Top Tips from a Professional Planner for a Far-Flung Destination Wedding

Turn your wedding into a spectacular adventure

Updated 06/23/17

Photo by Ran Bergman Creative Photography

A destination wedding will never go out of style. Turning your celebration into a weekend (or week!) surrounded by the people you love — with a wedding in the middle — sounds totally irresistible! There are so many gorgeous destination wedding locations stateside or within a few hours of a major U.S. airport, but if you’re going to go for it, why not just go for it? From Tuscany to Thailand, a far-flung locale will turn your destination wedding into an adventure you and your guests will remember for the rest of your lives.

With all that travel comes a lot more details you’ll need to consider, so we turned to Israel-based destination wedding planner Koby Bar Yehuda, co-owner of KBYDesigns, for the inside scoop on what it really takes to pull off a spectacular event anywhere on the planet. Here, everything you need to know about the logistics of planning a destination wedding.

Consider Your Guests Before You Start Planning

Choosing a venue is more than just picking the prettiest spot you can find. “Have your guests in mind when you consider your location,” says Bar Yehuda. “Ask yourself if the destination will be affordable for guests to fly to, as well as whether there are multiple hotel options at different price levels. Because of the expense and distance, a far-flung destination will filter your guest list down to the core group of family and friends quite quickly. If there are certain people you need to have at the event who may not be able to afford it, you should be prepared to do what you can to make your day accessible to them.”

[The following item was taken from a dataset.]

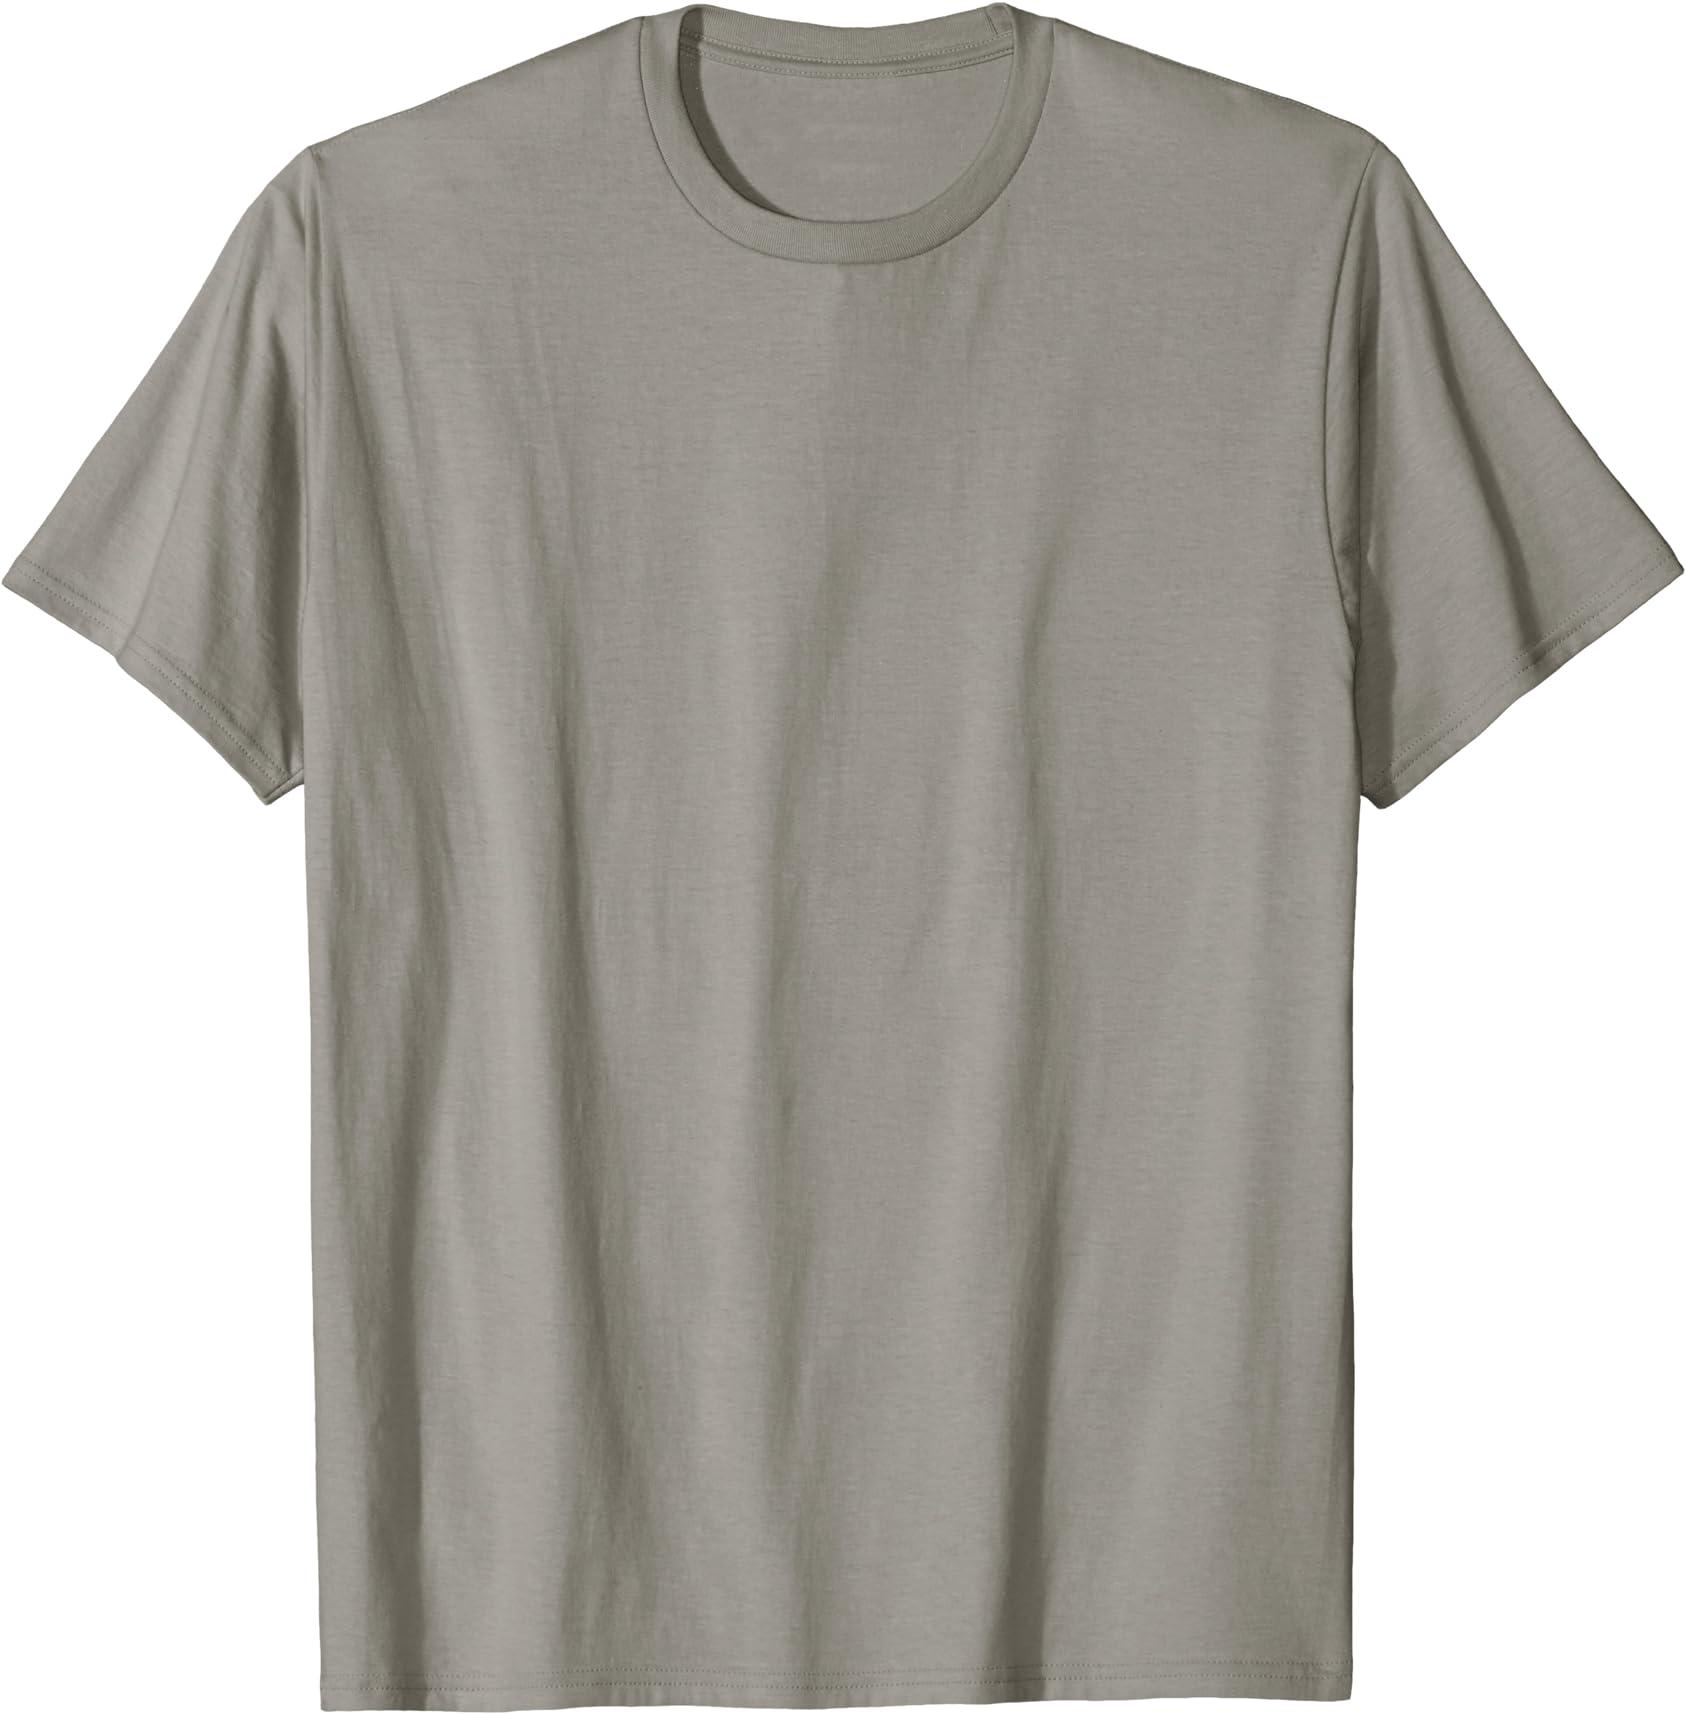 Long Sleeve Shirt LookPink Great Dane Mama Tee Shirt Design

The location you choose can also have an impact on how your wedding day proceeds. “If possible, host the wedding celebration somewhere other than in the hotel where your guests are staying. This gives you the element of surprise when they arrive at the special place you’ve selected, and also avoids the possibility of set-up and break-down disturbing your guests at any point,” says Bar Yehuda.

Put in Some Legwork

Be prepared to do in-person research. “Pictures and videos online can be beautiful, but when you’re going so far for your celebration, it is worth the investment of time and money to visit the site in person,” Bar Yehuda advises. You’ll have much more confidence in what you’ve chosen if you have a chance to familiarize yourself with your options. He continues that, “[W]hen you’re looking for a venue, a language barrier could be an issue. Hire a local person to serve as a guide and translator to both show you around and help you communicate with locals and the venue staff.”

Ran Bergman

Once you have your venue chosen, know you may need to make a few more trips. “In my experience, three visits before the wedding are incredibly helpful. The first, as a site inspection and to choose the location. The second, to do tastings, review design boards, and figure out layouts and floor plans. The third, a month or less before the wedding, to finalize everything (which could be done a few days before the event as part of your final trip for your celebration),” says Bar Yehuda.

Work with a Pro

Remote and far-flung places often have limited resources, which is where a great professional comes in. “It’s crucial to have an event planner with experience on-board before you make any decisions about where you’ll have your event,” says Bar Yehuda. “They will be able to give you an idea of what it would cost to bring in the necessary resources, or help you find a venue that has the resources and expertise to make your celebration happen.” To make the process more seamless, seek a planner who is a one-stop-shop for design and production, as well -- meaning fewer vendors to hire and fewer chances for miscommunication or misunderstandings.

ILAN MOR

Communicate Constantly

With different time zones, a language barrier, and thousands of miles between you and your venue, communication is key. Bar Yehuda recommends video conference calls two to three times a week to check in and go over the details as the planning continues. “Most remote destination weddings are planned over the course of at least a year, so regular communication will keep you and your team on the same page,” he says.

Know Your Destination

Do your research before you head out of town. “If you are planning to have a religious ceremony, find out whether the country you’ve chosen allows religious ceremonies outside of a house of worship,” Bar Yehuda advises. It’s also important to find out what the marriage license requirements are -- and to be flexible if that means you’ll have to tie the knot legally at home.

Embrace the Setting

No one wants to fly to the Maldives for a wedding that would fit better in a chateau in southern France. “Immerse yourself and your guests in the place you’ve brought everyone to. This will enhance your experience and make the most of your surroundings. You can still add your personal touch, but should let the setting you’ve chosen inspire and dictate the details of your celebration,” says Bar Yehuda.

Information is Priceless

A well-informed guest is a happy guest. Especially with long-distance travel involved, the more you can tell your guests to help them prepare for your wedding, the better. “Share any special pricing and codes you’ve received for hotels, suggestions for flight itineraries and local transportation, the currency exchange, and even a basic vocabulary list in the local language,” says Bar Yehuda. “And don’t forget to include the dress code for any events and activities so guests can pack accordingly!”